🤖 AI Summary
To address insufficient safety, feasibility, and task adaptability of pre-planned trajectories in dynamic environments, this paper proposes a trajectory optimization framework integrating Episodic Reinforcement Learning (ERL) with residual learning. Rather than training policies from scratch, the method leverages an initial reference trajectory as prior knowledge; within each episode, it identifies local trajectory segments requiring correction and generates smooth, physically feasible residual adjustments using B-spline motion primitives—preserving critical actions while enhancing trajectory continuity. The framework is modular and can be seamlessly integrated into any ERL algorithm.
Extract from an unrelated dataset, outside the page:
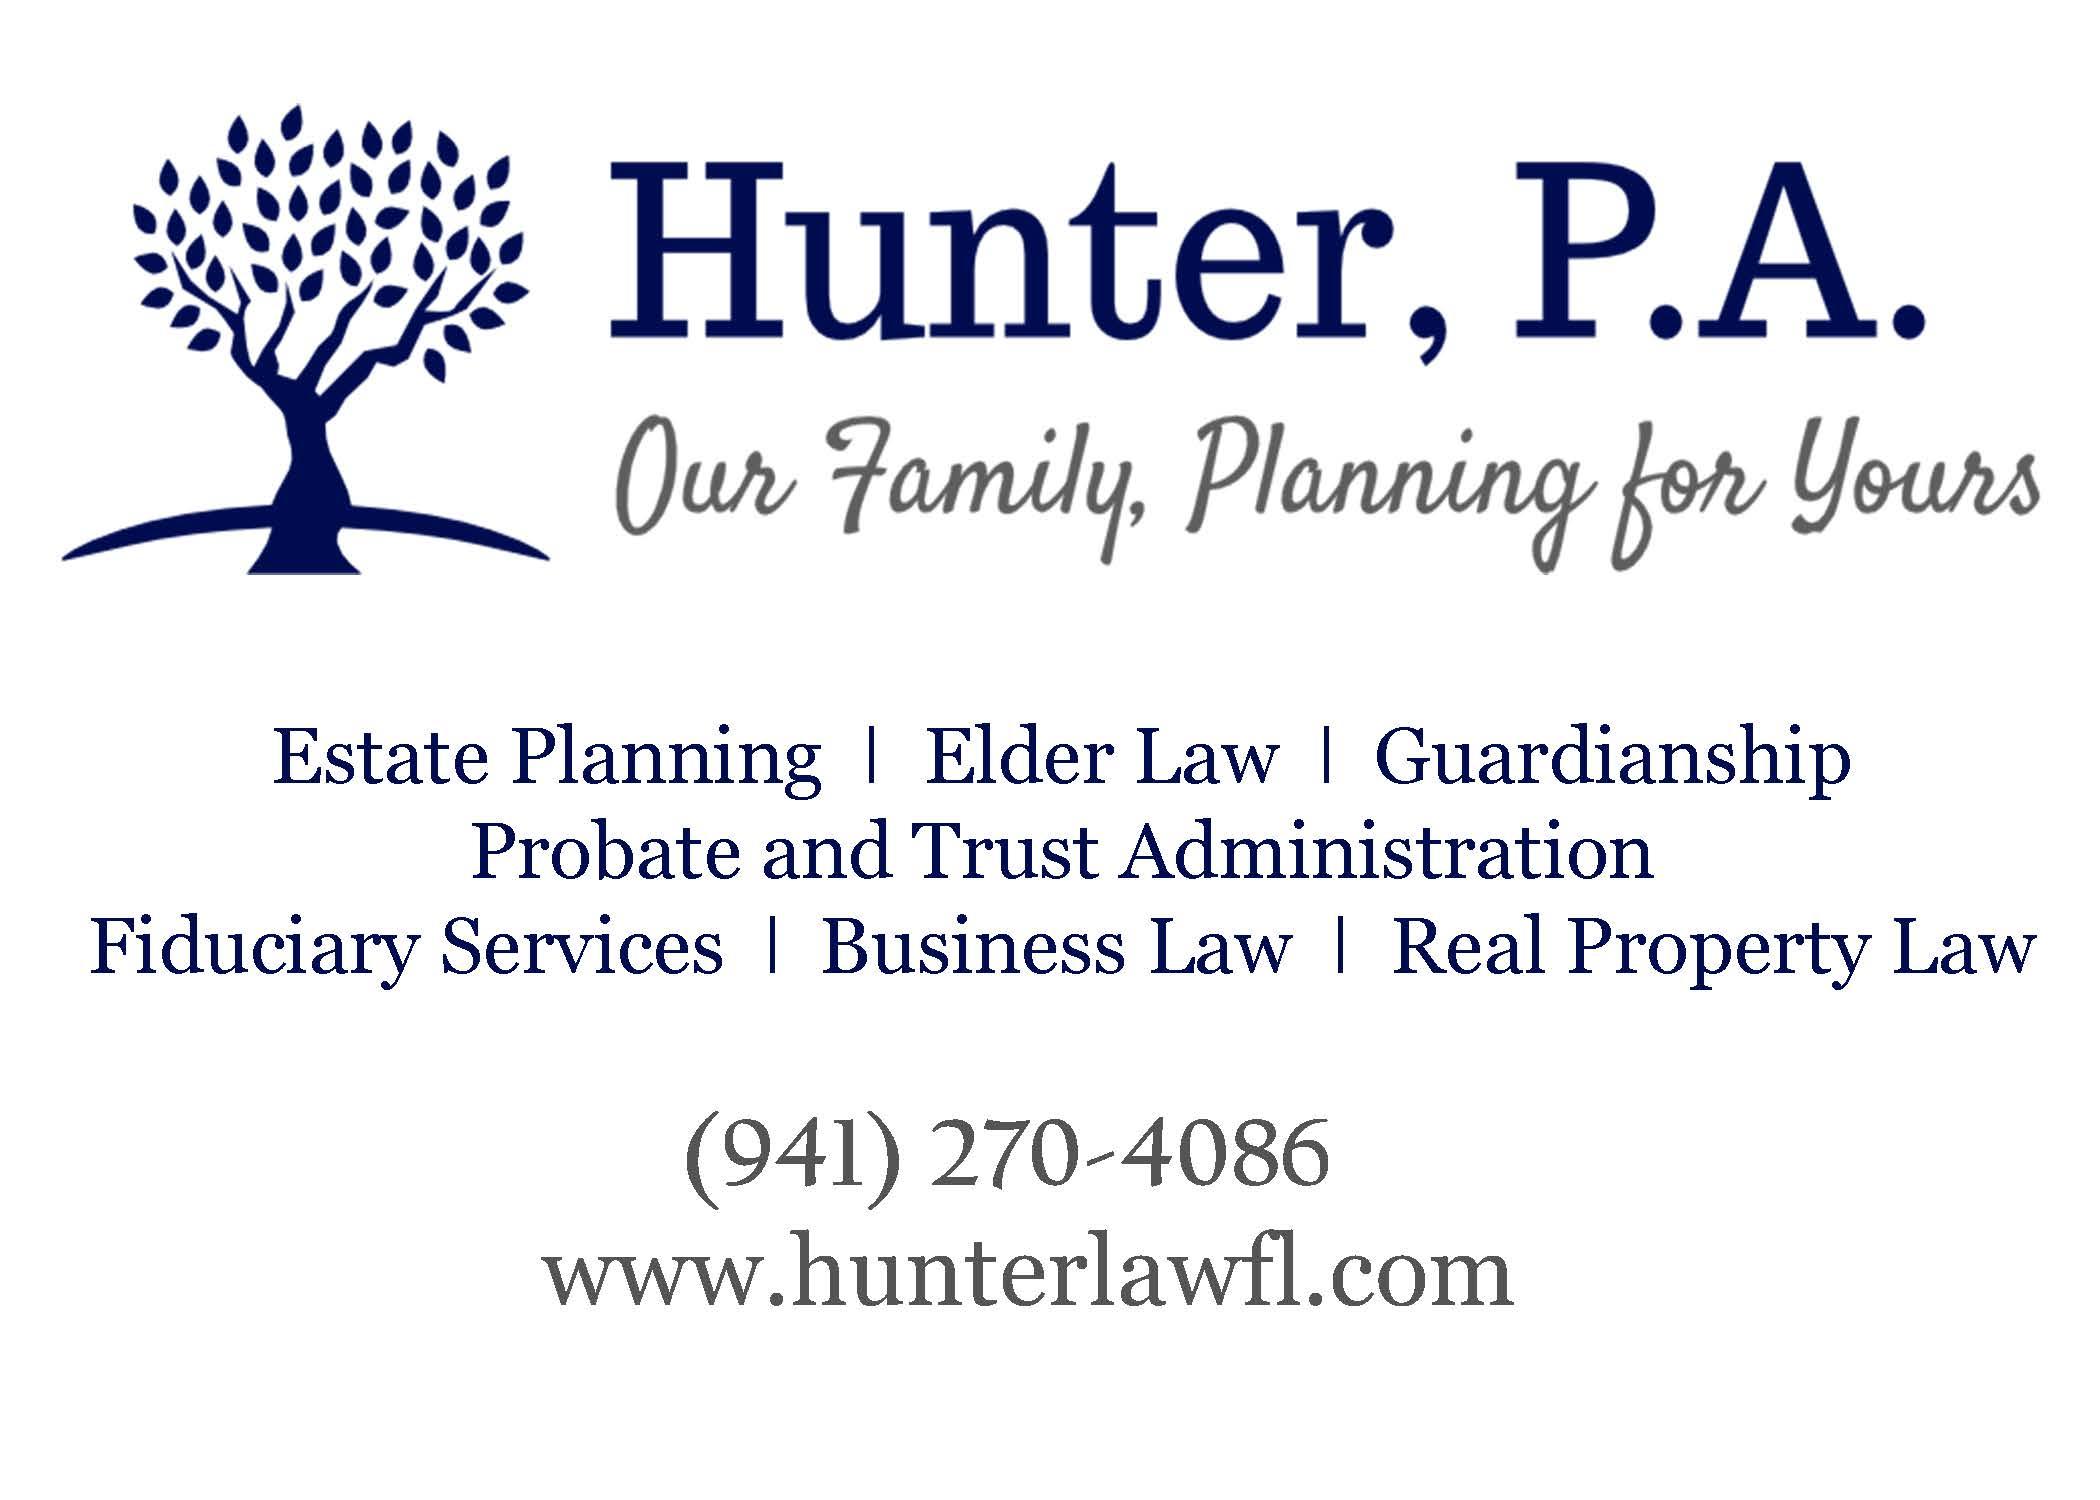 Hunter PA

Experiments demonstrate that, compared to end-to-end training, our approach significantly improves sample efficiency (reducing sampling requirements by 67%) and task success rate, while effectively narrowing the sim-to-real gap. Crucially, the learned policy transfers directly to real robotic hardware without fine-tuning, with physical deployment confirming its robustness and real-time performance.
📝 Abstract
We propose MoRe-ERL, a framework that combines Episodic Reinforcement Learning (ERL) and residual learning, which refines preplanned reference trajectories into safe, feasible, and efficient task-specific trajectories. This framework is general enough to incorporate into arbitrary ERL methods and motion generators seamlessly. MoRe-ERL identifies trajectory segments requiring modification while preserving critical task-related maneuvers. Then it generates smooth residual adjustments using B-Spline-based movement primitives to ensure adaptability to dynamic task contexts and smoothness in trajectory refinement. Experimental results demonstrate that residual learning significantly outperforms training from scratch using ERL methods, achieving superior sample efficiency and task performance. Hardware evaluations further validate the framework, showing that policies trained in simulation can be directly deployed in real-world systems, exhibiting a minimal sim-to-real gap.